- **Problem statement**: Once the line containing "Pin by Pineca" is found in the material below, it and every line after it should be transcribed exactly, with pictures left out and nothing added.

*** Opening Provided material ***

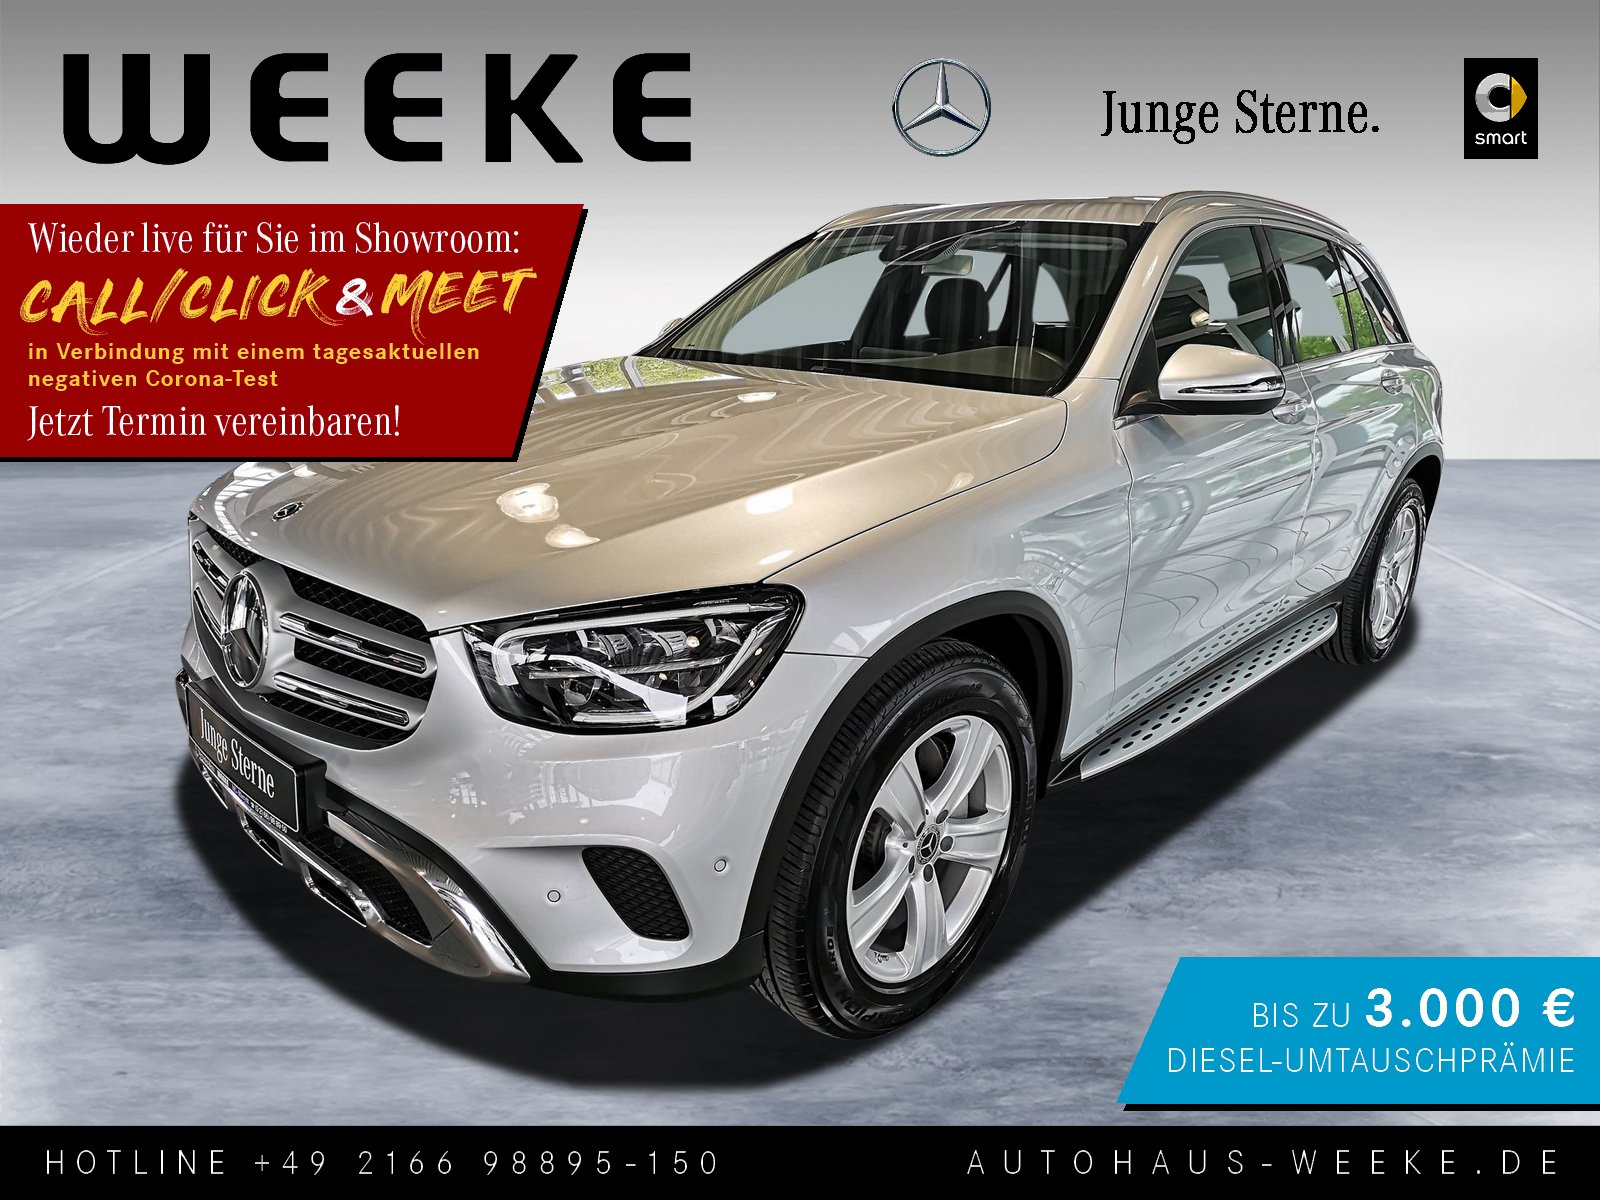 Mercedes-Benz GLC 200 4M Trittbretter+ASSITENZ-PAKET+LED+EASY-, Jahr 2019, Benzin
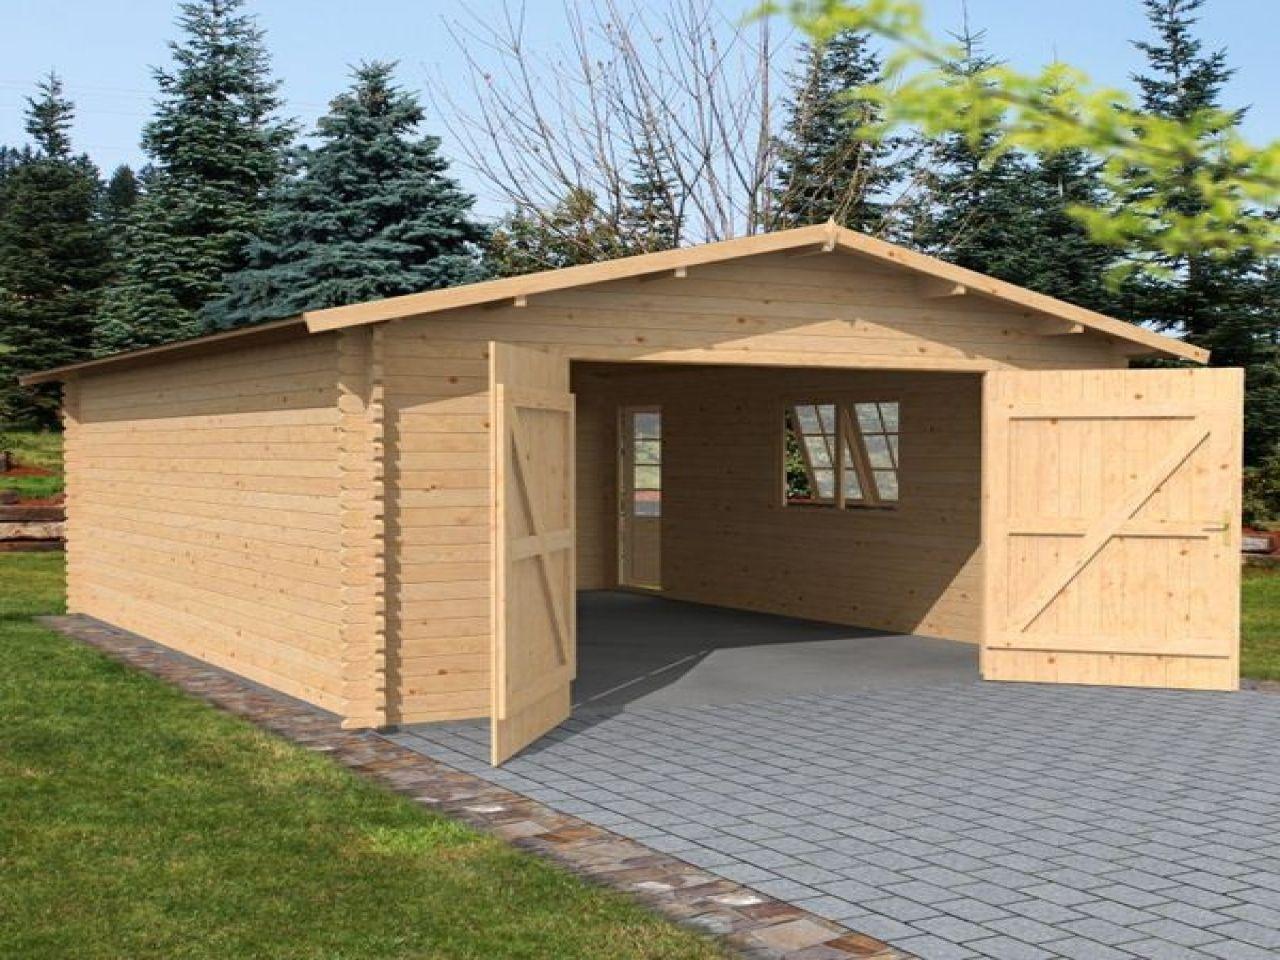 Pin by Pineca Com on Wooden garages | Diy carport, Carport ...
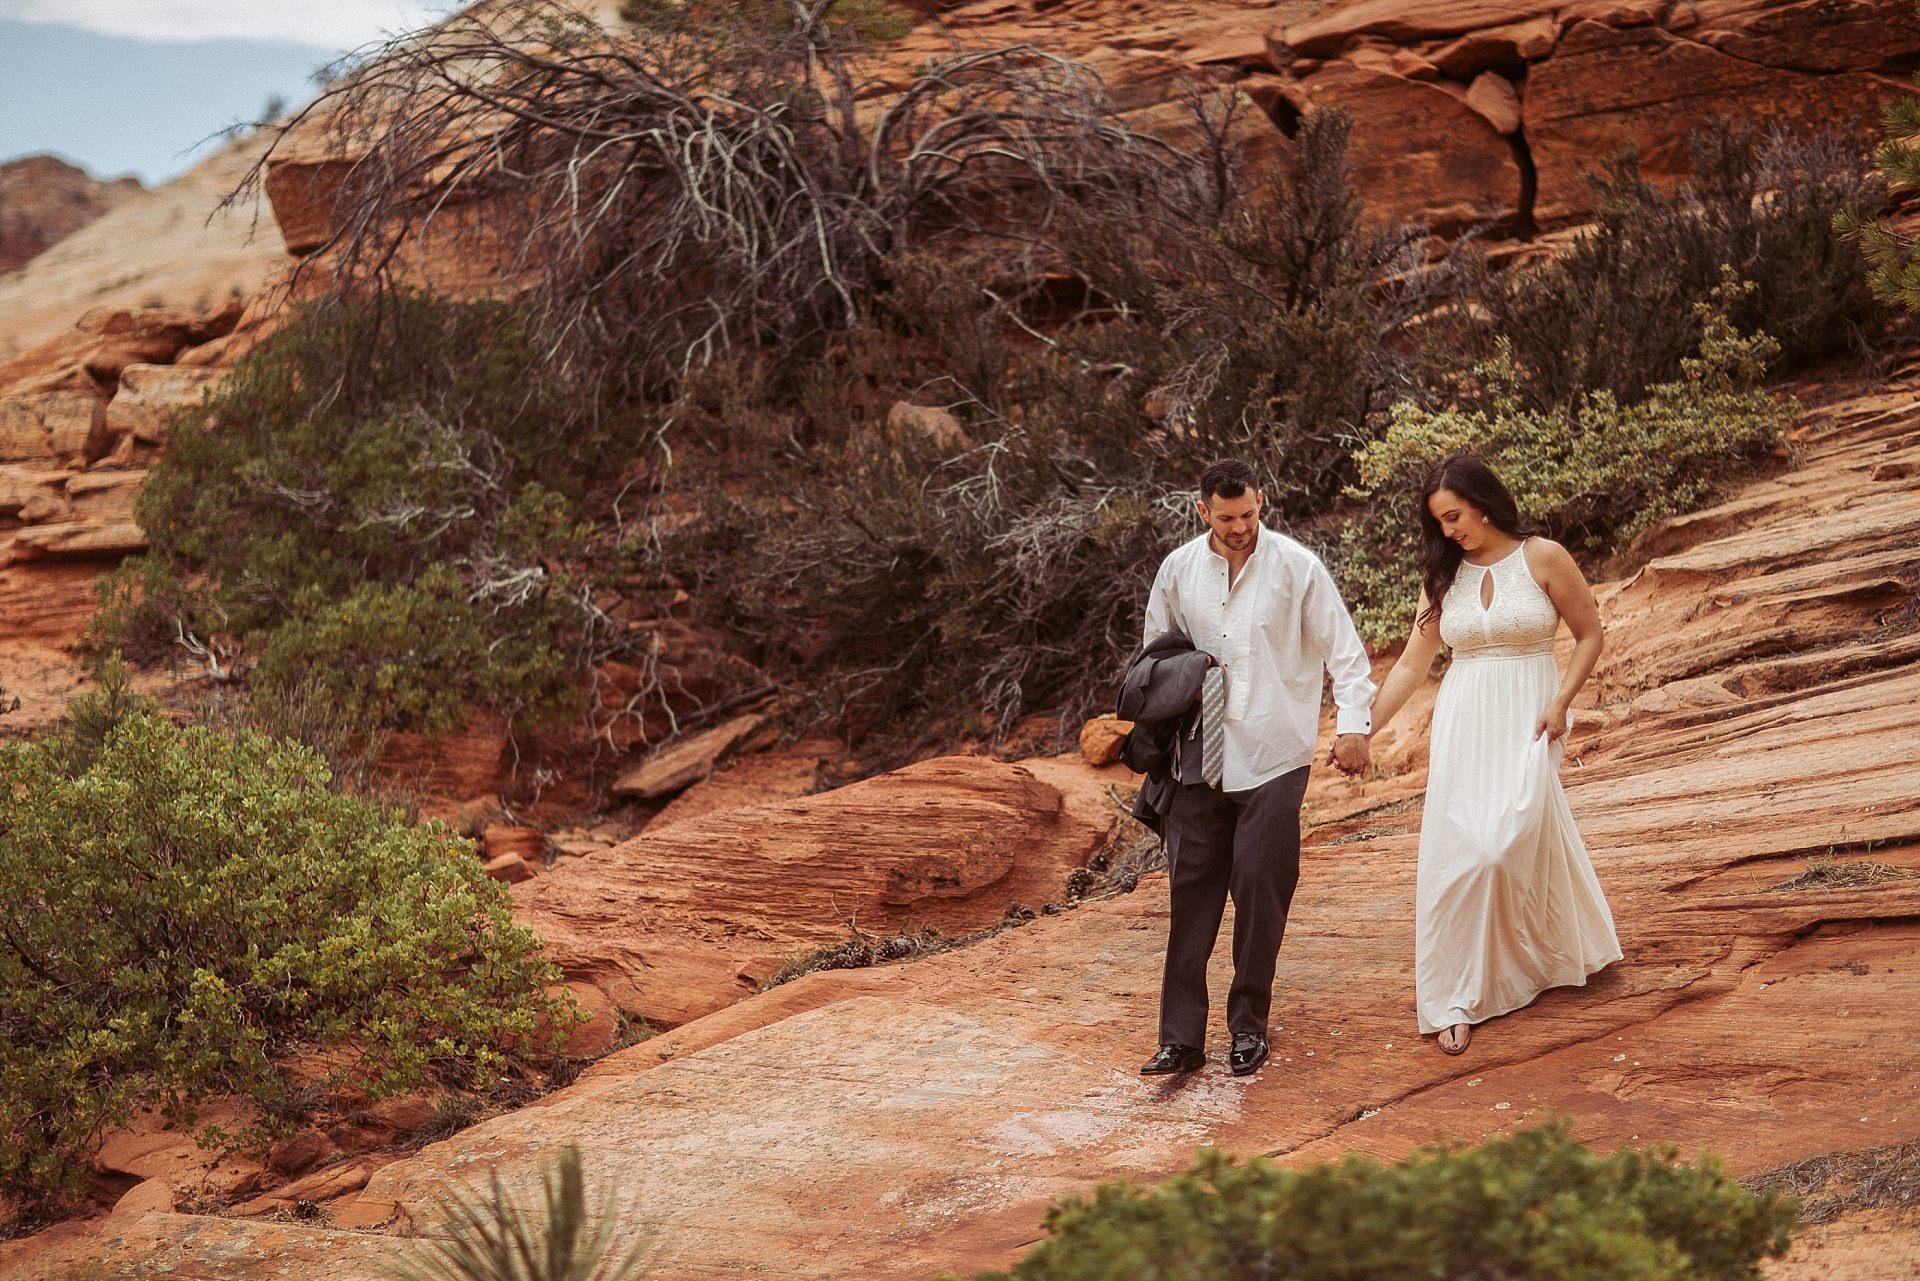 Hicks-Zion-National-Park-Wedding-0016.jpg

*** Closing Provided material ***

- **Response below**:
 Pin by Pineca Com on Wooden garages | Diy carport, Carport ...
 Hicks-Zion-National-Park-Wedding-0016.jpg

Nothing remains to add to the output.